Hong Kong’s ZA Bank has swung into the black, reporting a HK$49 million interim profit for the six months to June 2025.
Revenue rose 82 percent from a year earlier, driven by a 43 percent increase in net interest income and a 56 percent jump in fee income.
Customer deposits climbed to over HK$21.1 billion, while total assets reached HK$24.65 billion.
The bank’s net interest margin reportedly remained steady at 2.38 percent.
Wealth management remained a strong contributor, with assets under management from investment users rising more than 125 percent year-on-year.

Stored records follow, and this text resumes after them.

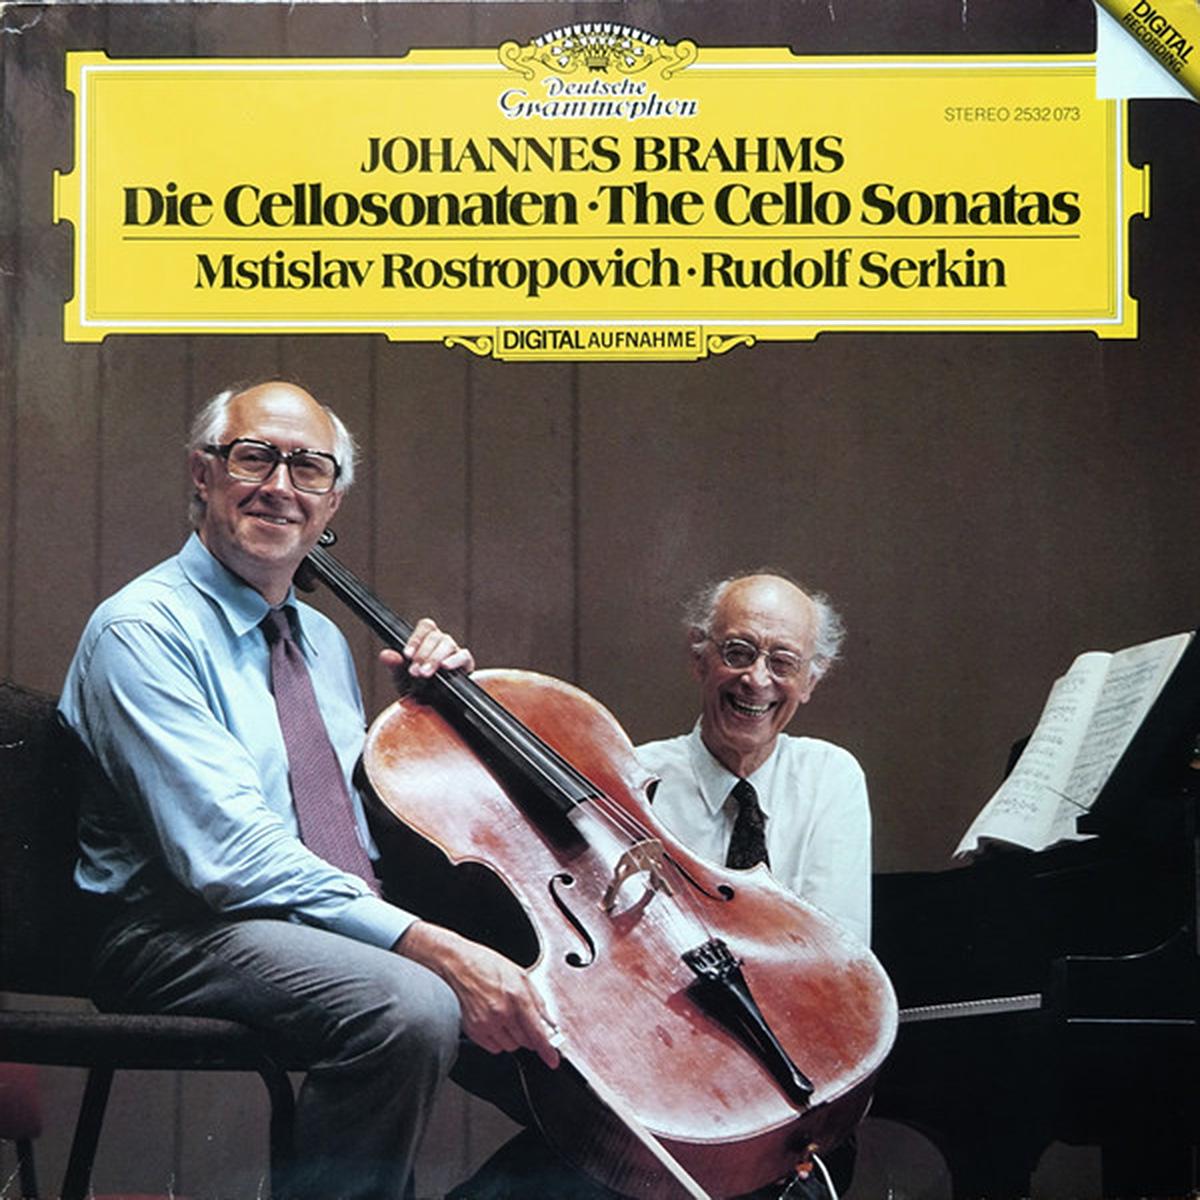 DGG 2532073_Brahms Sonates Rosropovitch Serkin
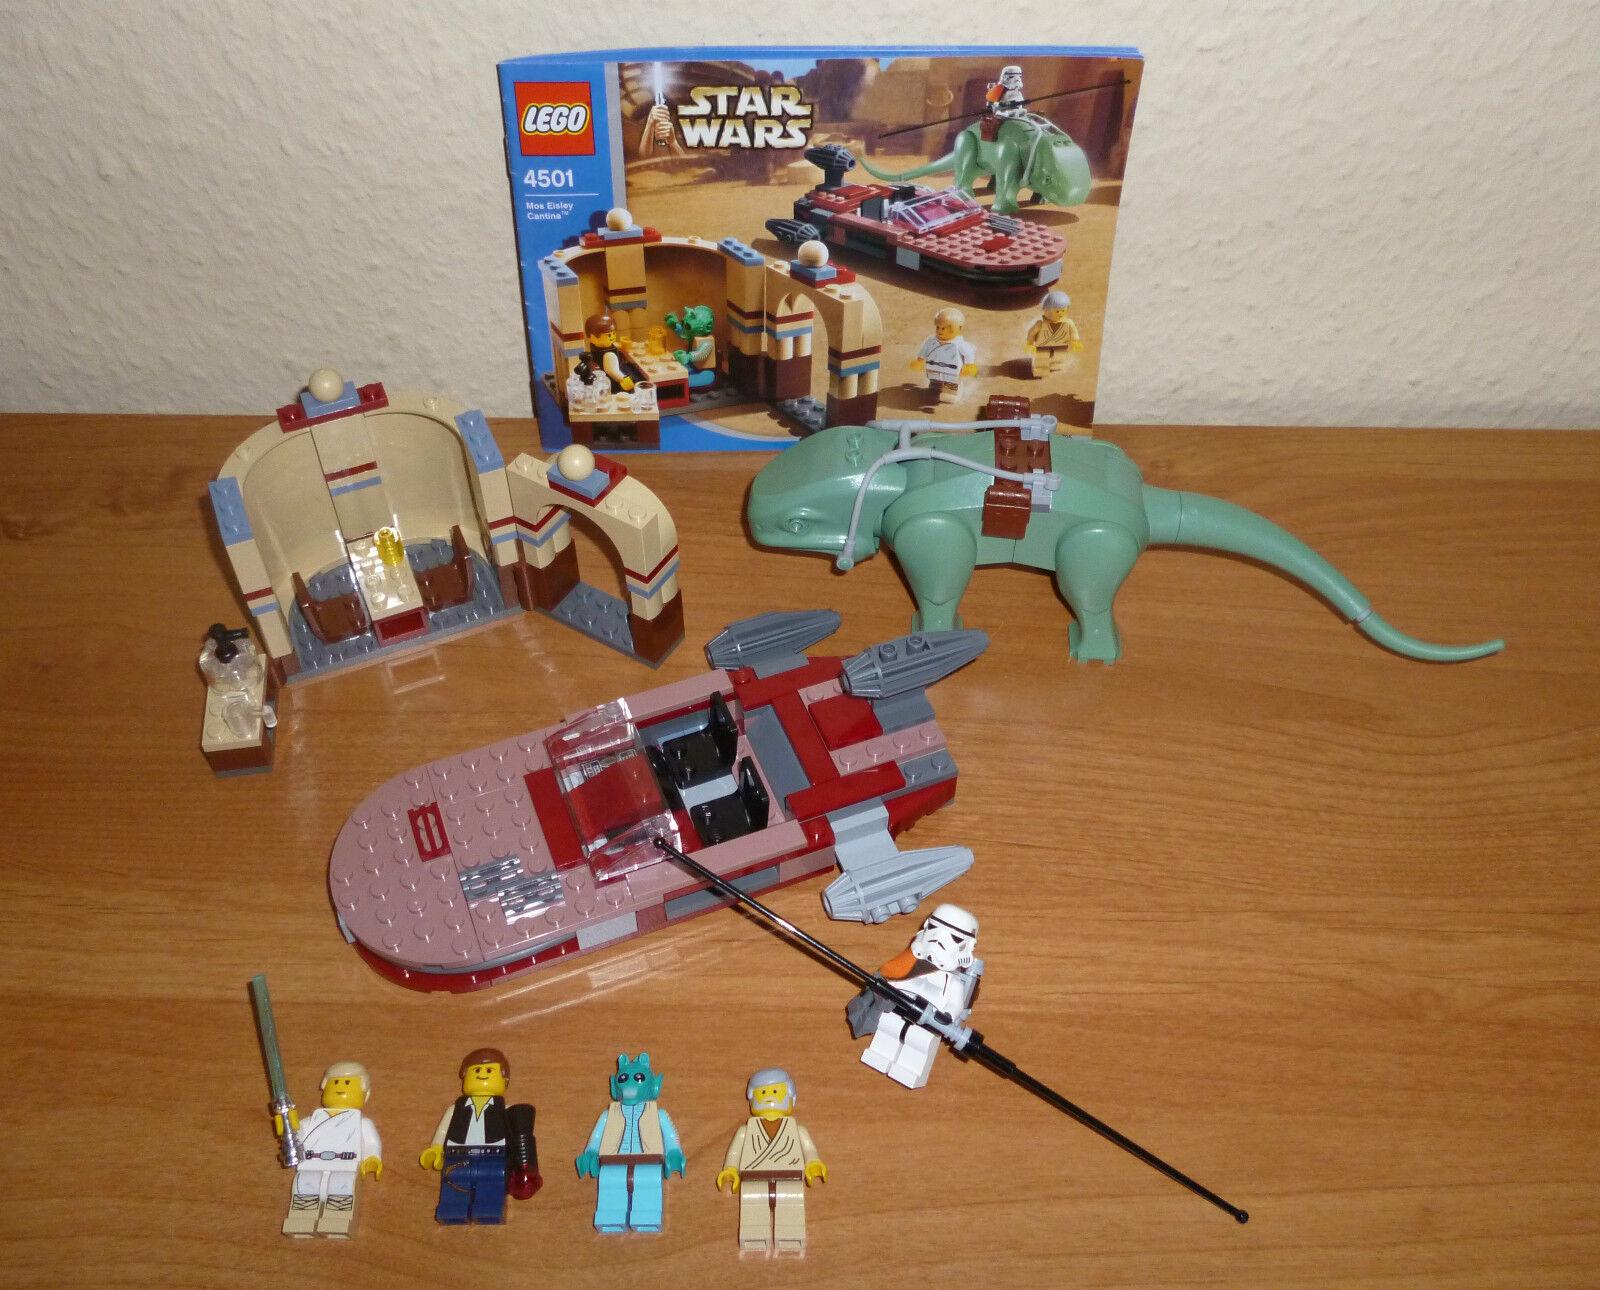 LEGO Star Wars   4501 Mos Eisley Cantina, komplett mit Figuren und BA
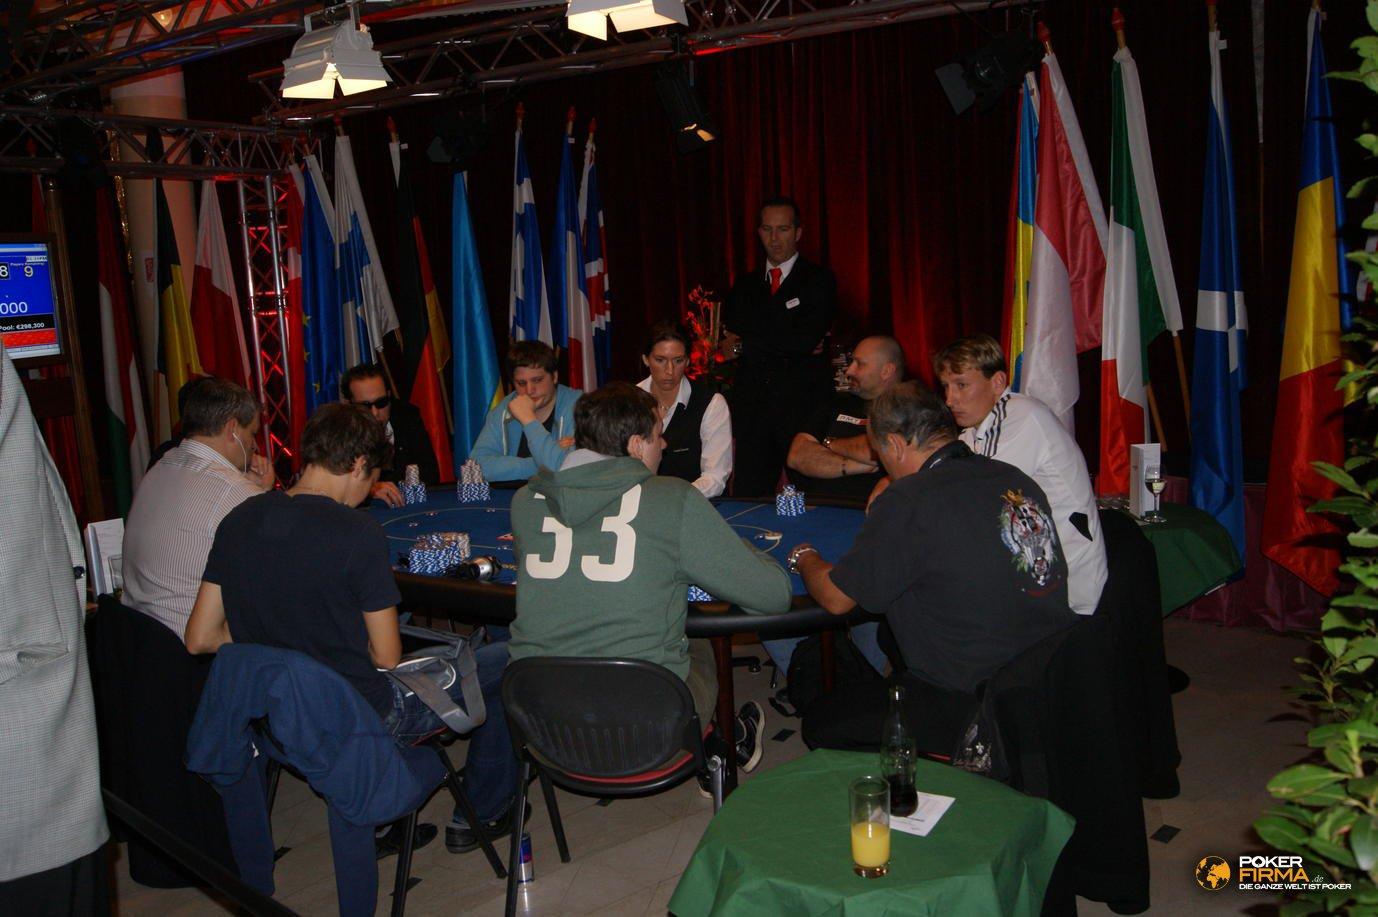 Poker_EM_2000_NLH_FT_271011_DSC03285

The bank’s platform offers access to funds, US stocks and crypto, reflecting growing demand for a broader range of investment products.
ZA Bank has also expanded its role in Hong Kong’s digital asset market.
It serves as a banking partner for most licensed virtual asset trading platforms and provides services to more than 300 Web3 companies.
Earlier this year, it became the first digital bank in the city to launch custody services for stablecoin reserve assets under the regulatory sandbox.
The results mark a milestone for the lender, which last year became the first among Hong Kong’s virtual banks to achieve monthly profitability.
The bank also recently disclosed that it has surpassed one million users.

Calvin Ng, CEO of ZA Bank, said,
“As Hong Kong’s first digital bank, ZA Bank has reached a significant milestone – recording our first-ever half-year profit and surpassing one million users within just five years.
This achievement demonstrates that even in a mature financial market like Hong Kong, seizing the right opportunities can still lead to meaningful breakthroughs.”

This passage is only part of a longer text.